Compaction of adjoining 8-inch RCC layer
Completed RCC layer showing protective blankets
Quality Control Testing
In-place density tests were taken at specified intervals behind the finished pavement section using a nuclear moisture-density gauge in accordance with ASTM C1040. The maximum density and optimum moisture content (OMC) were determined using the modified Proctor test method in accordance with ASTM D1557. The dry density was 147 pounds per cubic foot and OMC was established at 5.9 percent. All tests performed indicated OMC within specified parameters and all density tests exceeded 96 percent of modified Proctor. Aggregates were selected and blended in accordance with the requirements recommended by the PCA publication Guide Specification for Construction of Roller-Compacted Concrete Pavements. Although the project specifications required 4,000 pound per square inch (psi) UCS at 28 days, average 28-day UCS on cylinders cast in the field according to ASTM C1435 yielded breaks of 6,069 psi.

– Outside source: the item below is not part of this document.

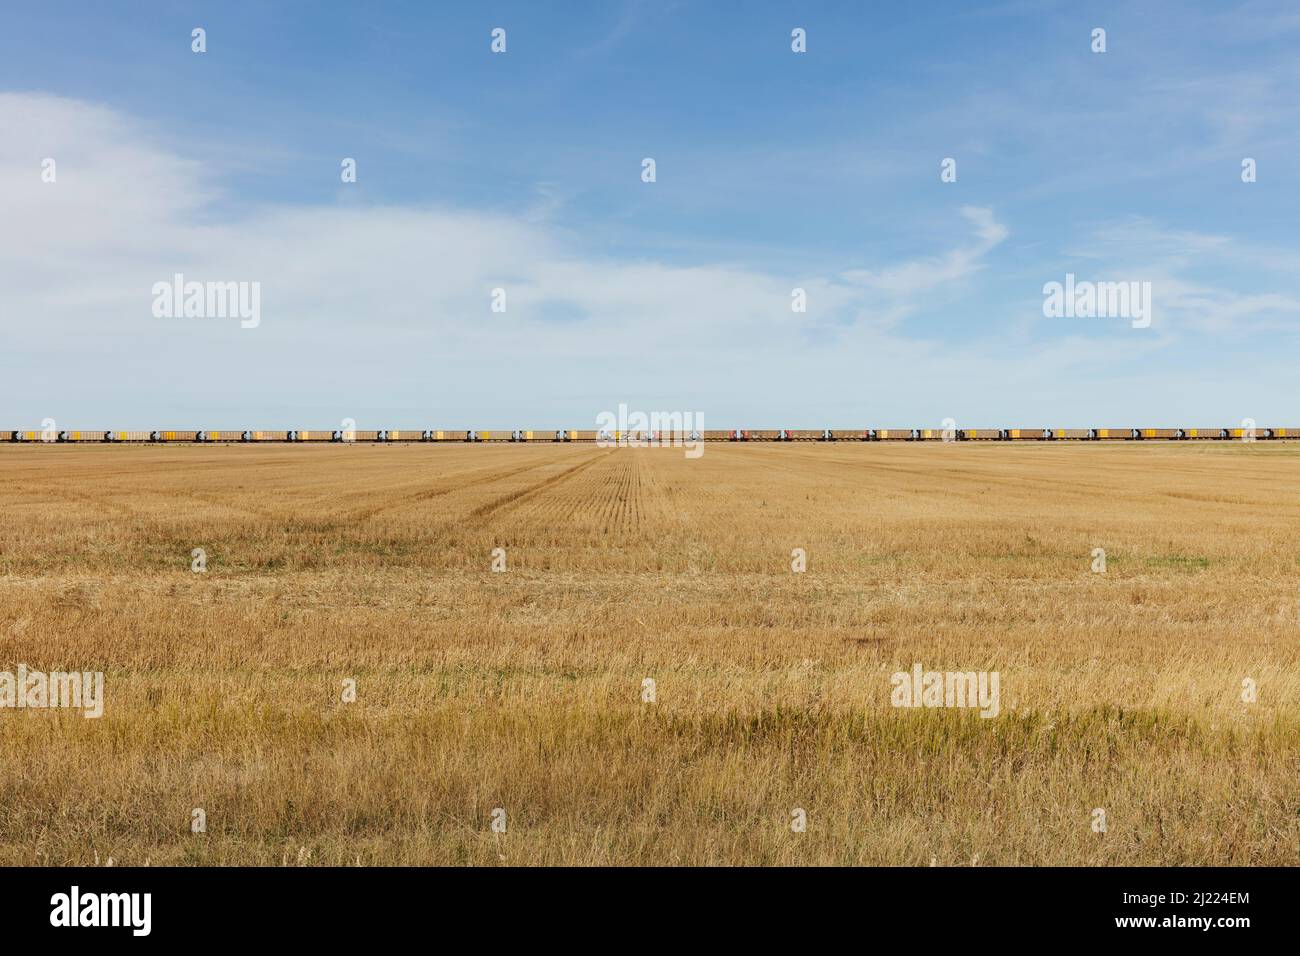 View across a stubble field and the long line of yellow boxcar wagons of a freight train on the horizon line. Stock Photo

Roller-compacted concrete in this application provided a very serviceable concrete pavement at a significant cost savings to the owner. While the surface characteristics of this industrial pavement varies slightly in appearance and aesthetics from that of a conventional concrete pavement, RCC can prove a very cost-effective alternative to either PCC or asphalt pavements for similar applications. The RCC pavement application provided the owner with a pavement that can stand up to heavy snow plowing and heavy truck traffic during snow events, is strong and durable enough to resist the shoving and rutting common with asphalt pavements, and will not deteriorate under the saturated conditions caused by melting stockpiles of snow.